In the OE, only post-synaptic functional effects were measured, consistent with the previous report from dentate gyrus synapses (Dubal et al., 2014). It is likely that pre-synaptic KL function is maximal at normal KL levels but that overexpression can impact post-synaptic LTP. The effect of overexpression on LTP is opposite of dentate gyrus change (Dubal et al., 2014), indicating that the effects of KL on synaptic plasticity are region-specific. It is unclear why effects of overexpression are not observed until 4–6 months of age but our data suggest that KL overexpression does not affect brain function until adulthood.

Although cognitive function is clearly inversely affected by KL expression level (Nagai et al., 2003, Dubal et al., 2014), it is unclear which form of KL mediates effects. Current global KL-deficient and overexpressing mouse models manipulate all forms of KL, making it difficult to assign specific function to KL protein forms. Our data show KL protein at the size of the full length, transmembrane protein fractionates with both pre and post-synaptic membrane proteins (Figure 2). These and our KO electrophysiology results demonstrate that KL has functional effects on both sides of the synapse suggesting a hippocampal synaptic plasticity role for transmembrane KL. Additionally, bath application of shed KL did not rescue the enhanced KO PPF nor alter WT PPF, suggesting that the shed form does not have acute effects, although these data do not rule out possible long-term synaptic effects of more or less shed KL. It is unclear what drives the rapid and dramatic loss of synaptic enhancement within the KO brain between weeks 5 to 7. We know that increased oxidative stress develops during this time, the amelioration of which blocks development of cognitive impairment (Nagai et al., 2003). In addition, KL-deficiency causes decreased hippocampal cholinergic signaling, which also could contribute (Park et al., 2013).

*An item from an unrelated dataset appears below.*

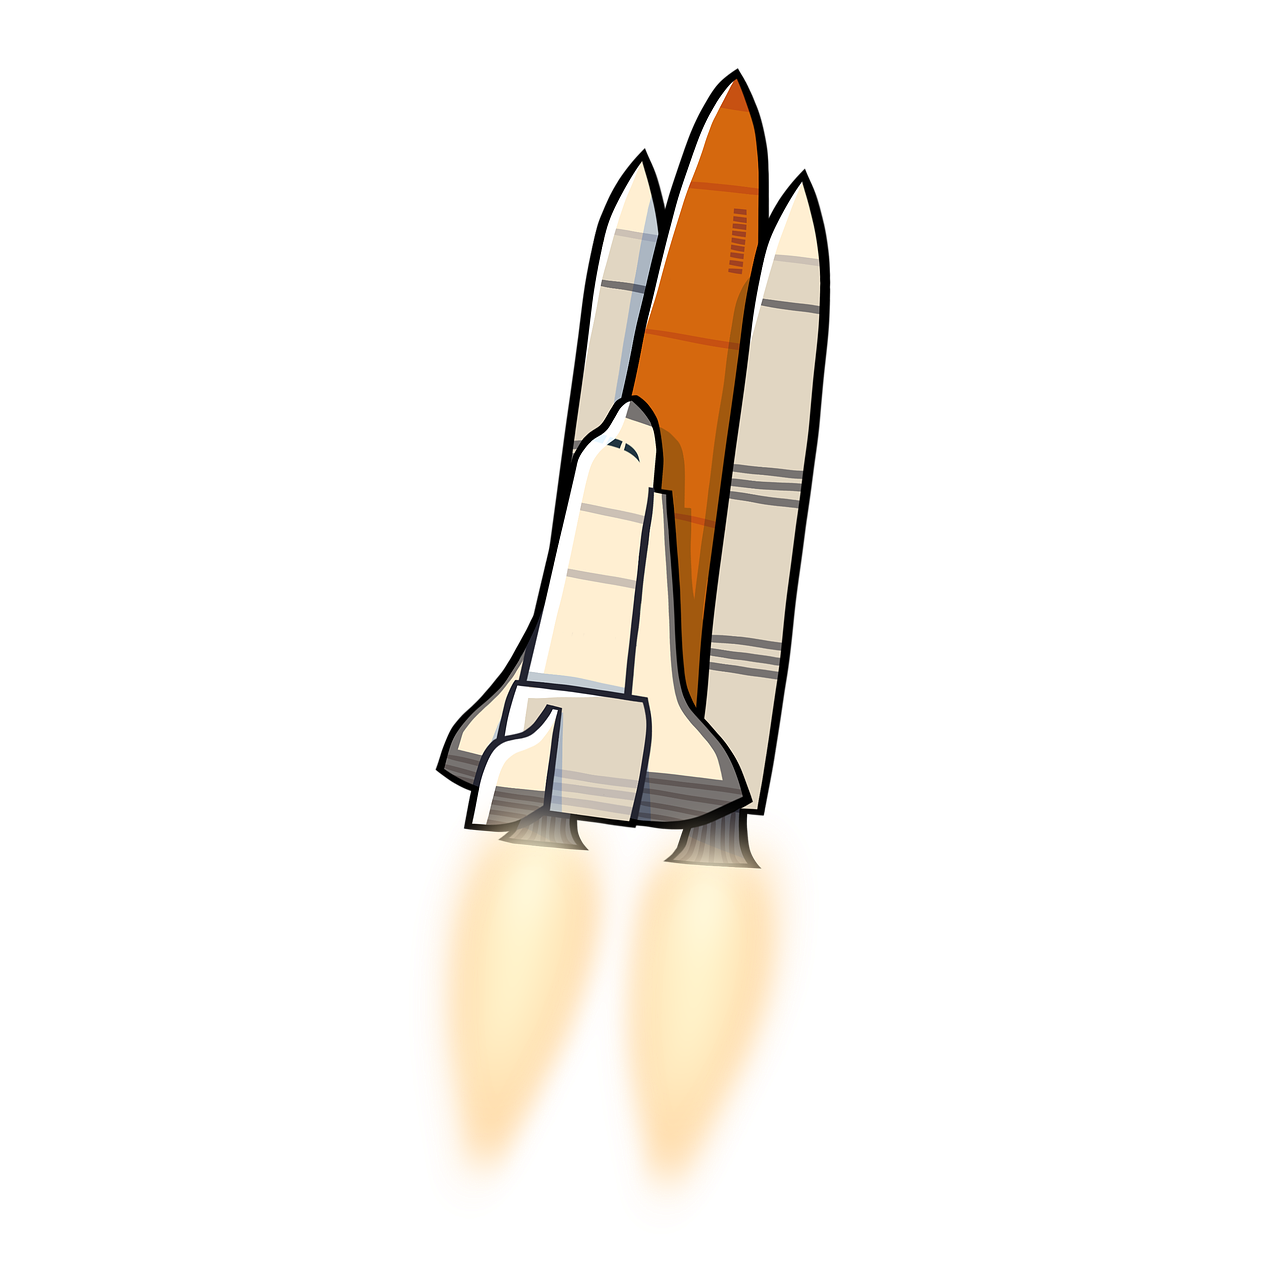 Space Shuttle Rocket Illustration

As KO mice show rapid onset cognitive impairment (Nagai et al., 2003) and OE mice develop improved hippocampal-dependent cognitive function (Dubal et al., 2014), our synaptic plasticity results were surprising as we did not observe the common correlation of decreased plasticity with decreased cognitive performance and vice versa (Lu et al., 1997, Saxe et al., 2006, Lee and Silva, 2009, Wang et al., 2009, Han et al., 2013). Although less common, many examples exist of genetic manipulations that result in increased synaptic plasticity, particularly increased LTP, with decreased spatial memory (Kaksonen et al., 2002, Pineda et al., 2004, Niisato et al., 2005, Rutten et al., 2008, Kim et al., 2009). But none of those studies saw a concurrent PPF effect. Increases in both PPF and LTP, with enhanced spatial memory are reported in the Chordin knockout (Sun et al., 2007) and MECP2 overexpressing (Collins et al., 2004) mice.

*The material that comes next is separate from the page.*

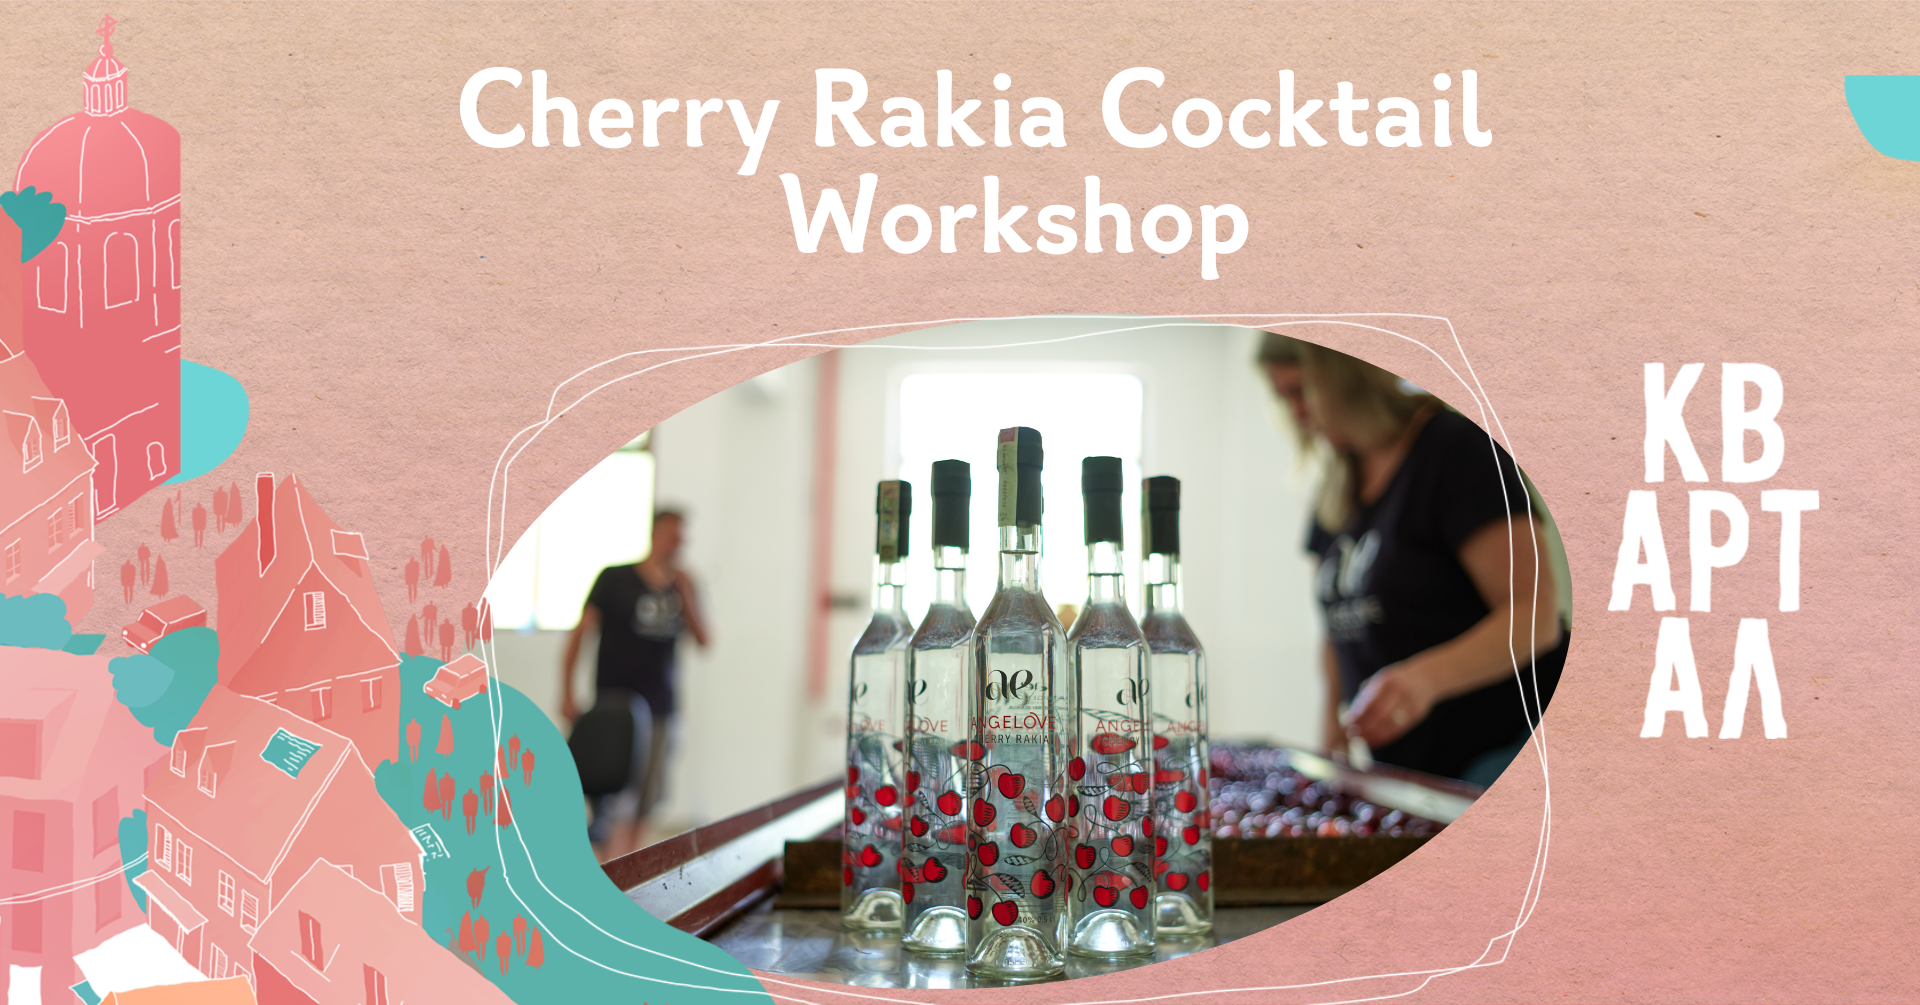 Cherry Rakia Cocktail Workshop (open-air)

In rat slice culture, increased PPF and LTP were measured upon bath application of FGF1 protein (Sasaki et al., 1994). This occurs through activation of PKC, suggesting that the increased short and long-term plasticity are caused by signaling changes downstream of post-synaptic receptor activation. Similarly, increased PPF and LTP with impaired spatial memory, occurred upon genetic manipulation of PSD-95 in a mouse model engineered to express only the first two PDZ protein interaction domains of PSD-95 (Migaud et al., 1998). Although no mechanism of action was defined, again, signaling downstream of NMDA receptor activation was implicated (Migaud et al., 1998). Cell adhesion molecules like pre-synaptic neurexin, bind to post-synaptic neuroligin. Synaptic neuroligin proteins interact with PSD-95 and thus could mediate retrograde feedback from the post-synaptic density (Migaud et al., 1998). As transmembrane KL is a predominately extracellular protein, it could be a synaptic cell adhesion protein and thus promote retrograde signaling from the post-synapse. Furthermore, as KL overexpression correlates with increased NR2B receptors (Dubal et al., 2014), KL expression could mediate NMDA signaling from the post-synaptic density. The unusual KO synaptic phenotype of enhanced PPF and LTP with early onset cognitive impairment indicate that KL is important for synaptic plasticity. As it is a naturally age-downregulated protein (Duce et al., 2008, Yamazaki et al., 2010), further defining its mechanism of action at the synapse is important to understanding age-related hippocampal dysfunction.

Highlights.

  • Klotho is detected in synaptosomes isolated from hippocampus

  • Enhanced CA1 paired-pulse facilitation and long-term potentiation precede cognitive impairment in Klotho-deficient mice.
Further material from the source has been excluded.